Macron esce nettamente sconfitto non tanto, o comunque non solo, perché la rappresentanza parlamentare che a lui fa riferimento si è quasi dimezzata, quanto perché il suo disegno politico di costruire un centro borghese, attivo e interventista nelle vicende politiche e belliche internazionali, a livello non solo europeo, che aveva come presupposto e fine la stessa cancellazione della contrapposizione fra destra e sinistra, se la ritrova davanti ulteriormente rafforzata nella società e vistosamente sottolineata dagli stessi esiti elettorali. Ma non c’è da aspettarsi che di questa sconfitta prenda veramente atto come gli viene chiesto da Melenchon.

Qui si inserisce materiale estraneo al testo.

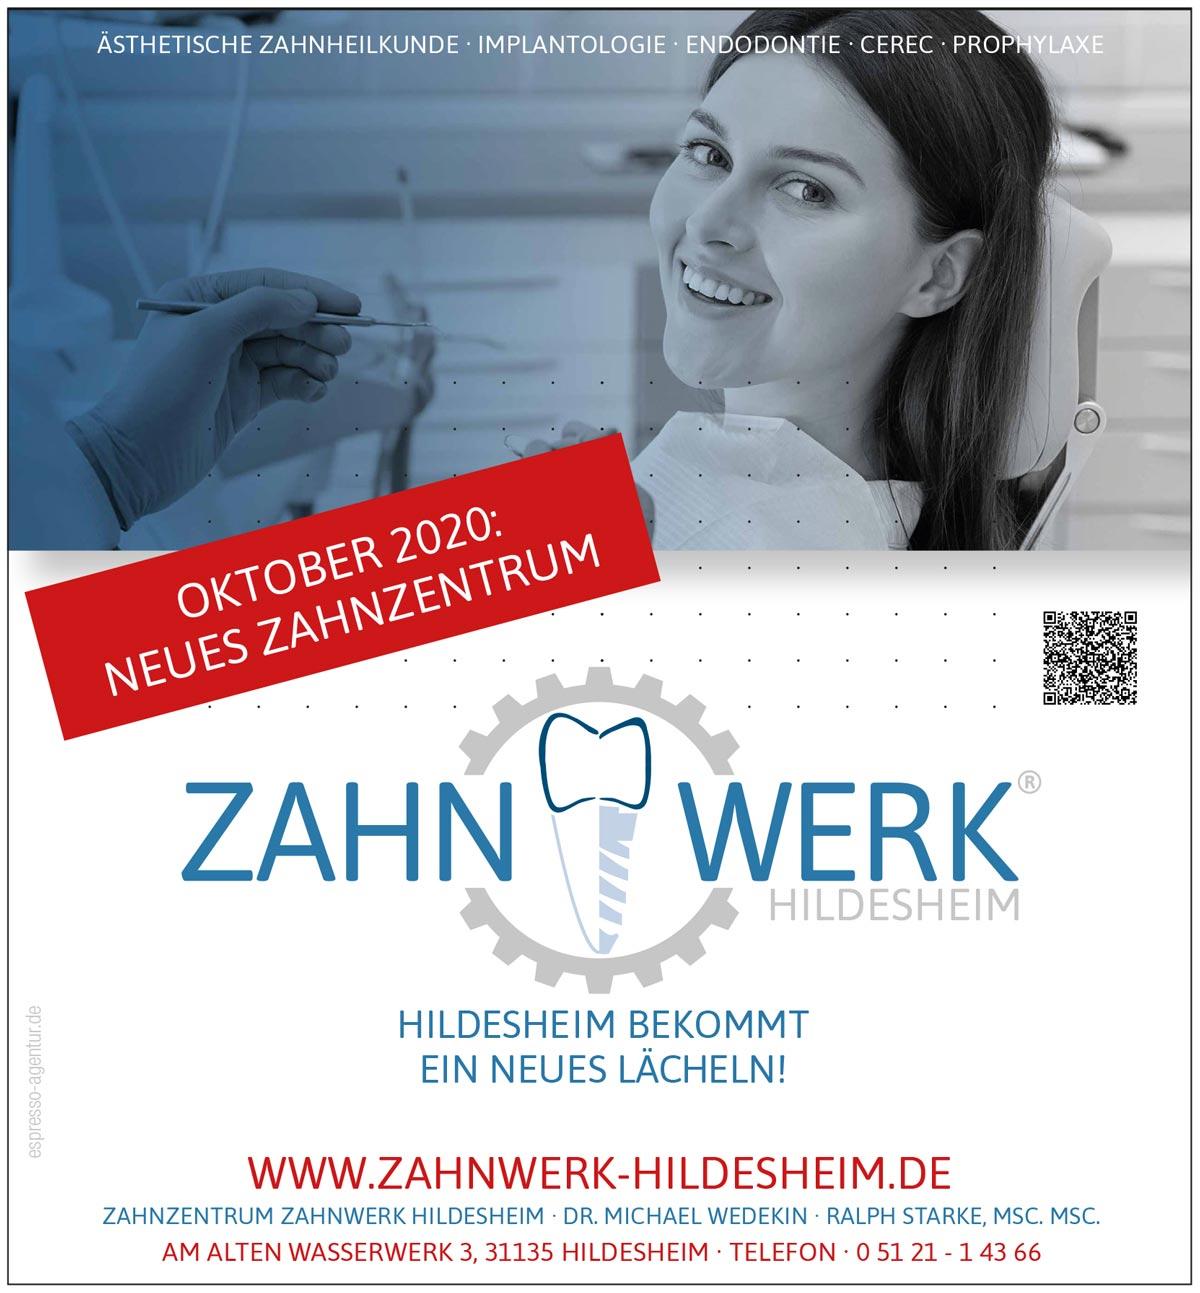 Zahnzentrum Zahnwerk eröffnet in Hildesheim im Oktober 2020

I difensori a oltranza dell’austerità in Europa non hanno mancato di fare sentire la loro voce poche ore dopo l’esito delle elezioni francesi. Daniel Gros, il direttore del Center for European Policy Studies, non ci va leggero dichiarando che i mercati reagiranno negativamente a una paralisi che secondo lui si verificherà nel parlamento francese e che il programma dei vincitori è “incompatibile con la stabilità finanziaria della Francia e con il nuovo Patto di stabilità”,8 che in verità tanto nuovo non è quanto piuttosto una riesumazione di quello vecchio con qualche aggiustamento.9 Ma, come si vede, sono subito partiti minacce e ricatti che vogliono spingere verso la formazione di una sorta di governo centrista in Francia, magari di un governo tecnico, anche se una figura come quella di un Mario Draghi in salsa francese non è ancora apparsa.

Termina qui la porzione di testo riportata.